Security Architecture Anti-Patterns - napolux
https://www.ncsc.gov.uk/whitepaper/security-architecture-anti-patterns
======
tptacek
This is pretty unhelpful; the case I would make is that it's providing
security largely by defining the problem away. For instance: it's usually
unrealistic to require that all administration happen through clean-room
systems that don't ever browse the web.

The real-world practice of security is in large part the deployment of risky
systems with mitigations in place for the likely attacks that will target
them. So, for instance, getting everyone to talk to the admin console on a
purpose-built Chromebook with no Internet access is probably not a realistic
option, but getting every system with admin console access MDM'd and requiring
access to admin consoles to route through an IdP like Okta to enforce 2FA is
much more realistic, and thus likely to happen.
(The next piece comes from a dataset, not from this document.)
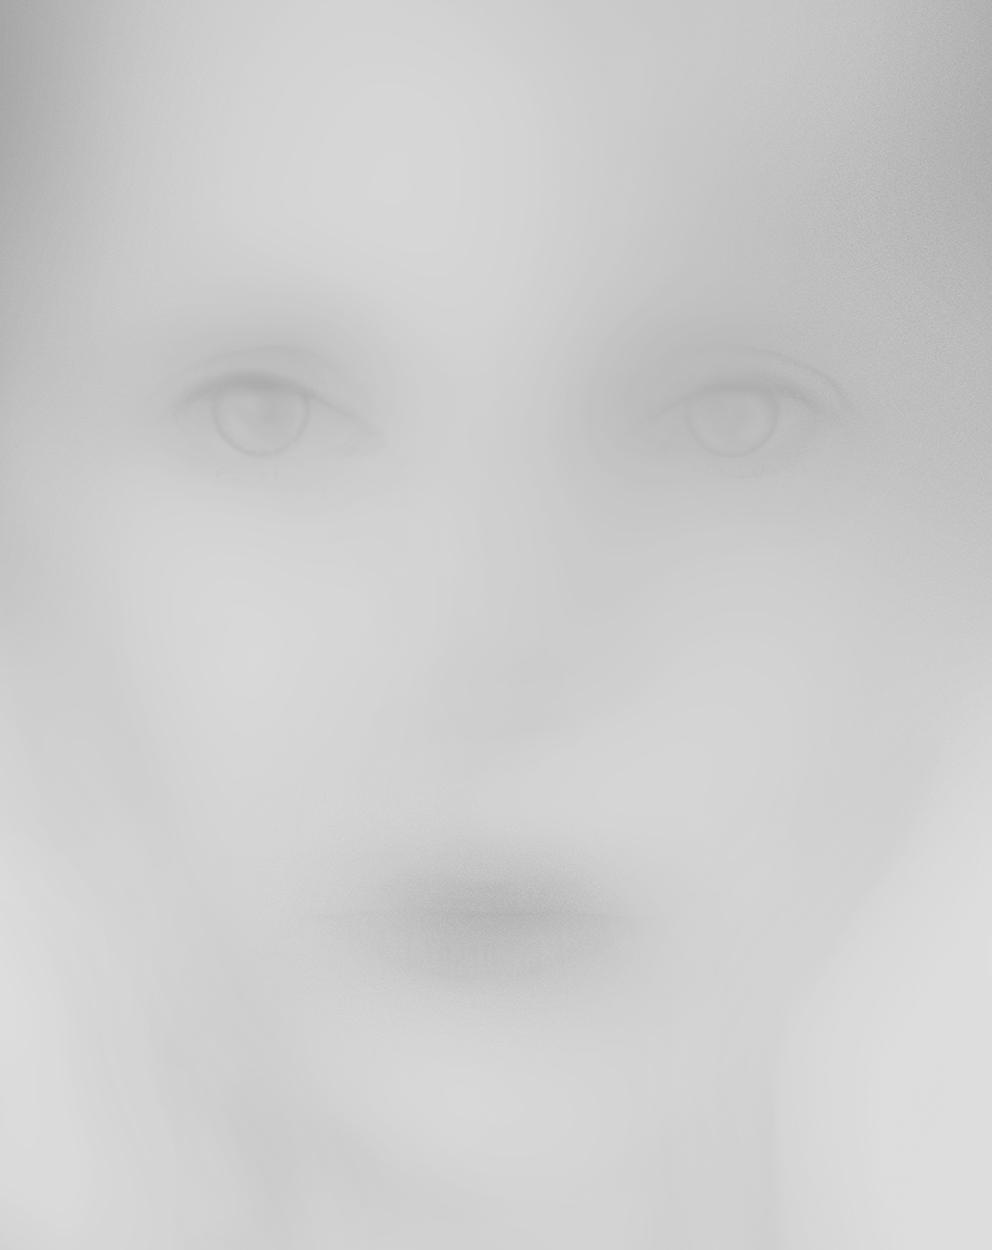 Yotta Kippe | n06072010f_n, 125 x 100 cm, Ilfojet print on metal foil / aludibond, graphite

The patterns in here that aren't unrealistic are pretty banal. I don't doubt
that UK NCSC sees systems designed to be unpatchable, but modern engineering
norms (Docker, blue/green, staging/cert environments) --- norms that have
really nothing to do with security and are common to pretty much every serious
engineering shop --- address that directly anyways.

Other patterns don't really make sense; for instance: you should design to
make your systems patchable (sure, that's again a basic engineering
requirement anyways), but also make sure your dev and staging environments
aren't continuously available. Why? Those are conflicting requirements.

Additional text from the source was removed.